Data Source & Data Science Approach

Our project used the Indoor Scene Recognition Dataset from MIT. This dataset, which includes high-quality indoor images of airports, perfectly fits our project's needs despite initial concerns about image quality. It is too good to be realistic representations captured by visually impaired individuals. This observation stemmed from our review of the Vizwiz Dataset, where many photos taken by visually impaired persons are blurred, out-of-focus, or do not fully capture targeting items.

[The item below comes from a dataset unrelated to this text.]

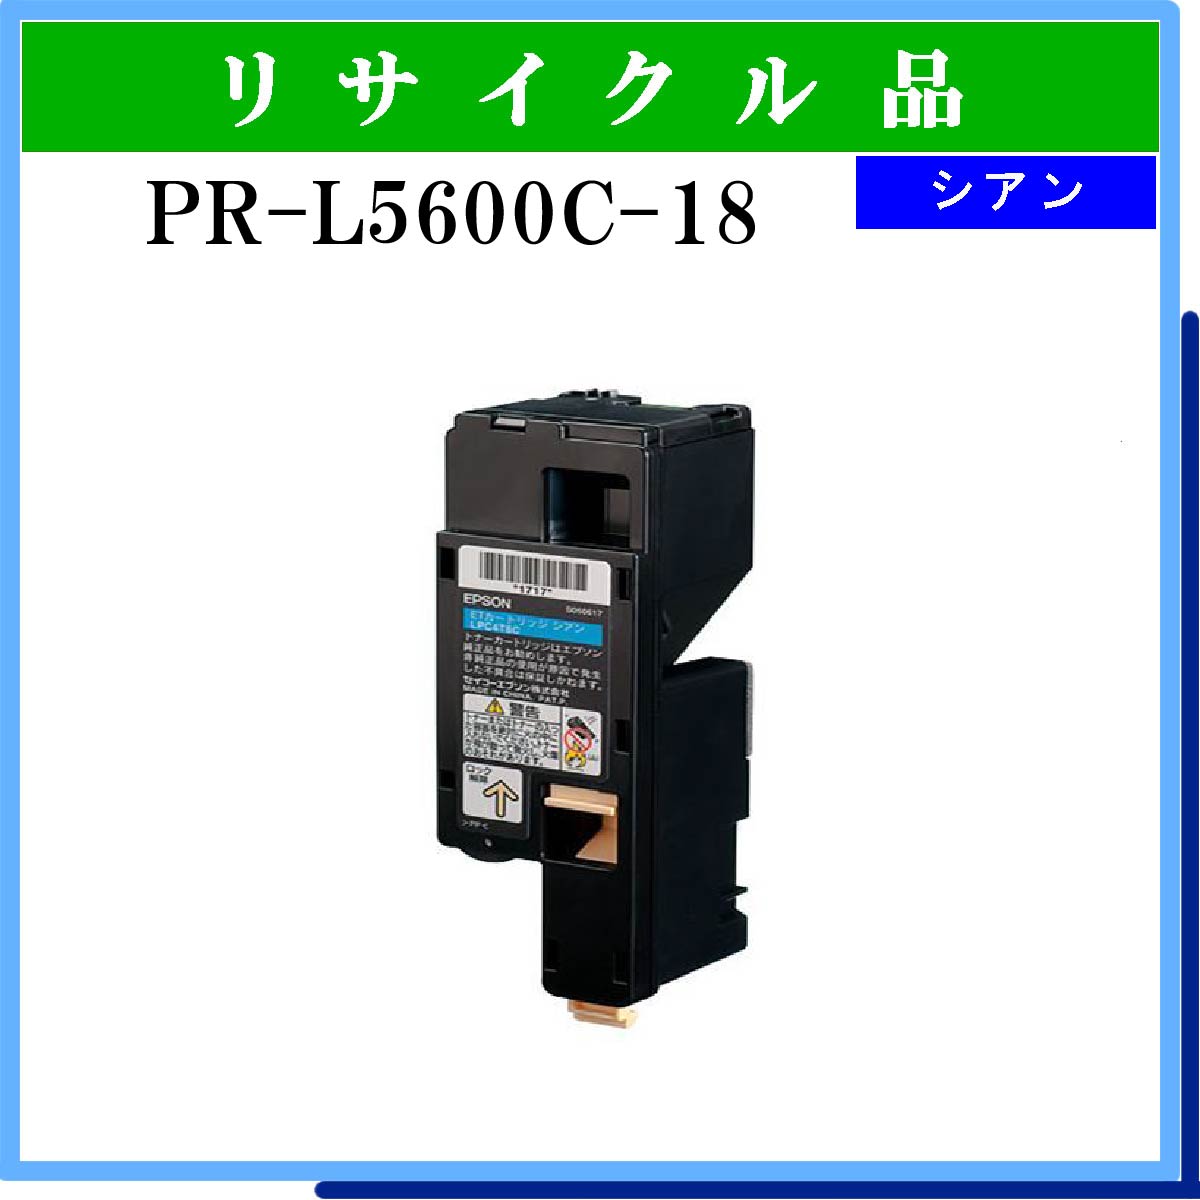 PR-L5600C-18

To address this discrepancy, we applied random Gaussian and motion blur, exposure adjustment, rotations, and cropping to the images to simulate the conditions of photos taken by visually impaired users. By doing so, we created a robust and proprietary dataset tailored to our task, allowing us to evaluate models using these processed images. In addition, we also performed other extensive EDAs like t-SNE and PCAs to ensure the datasets had enough variety and were suitable for our use case.
Because the output will be descriptive, we generated our golden data annotations. We took 92 images (a random 10% of the dataset) and sent them to GPT4 for description, then manually reviewed them and made them more descriptive. We pay special attention to photo accessibility features, like tactile guide strips and signs. With this dataset, we can generate evaluation scores like Rouge and BERT scores and compare them among different models quickly.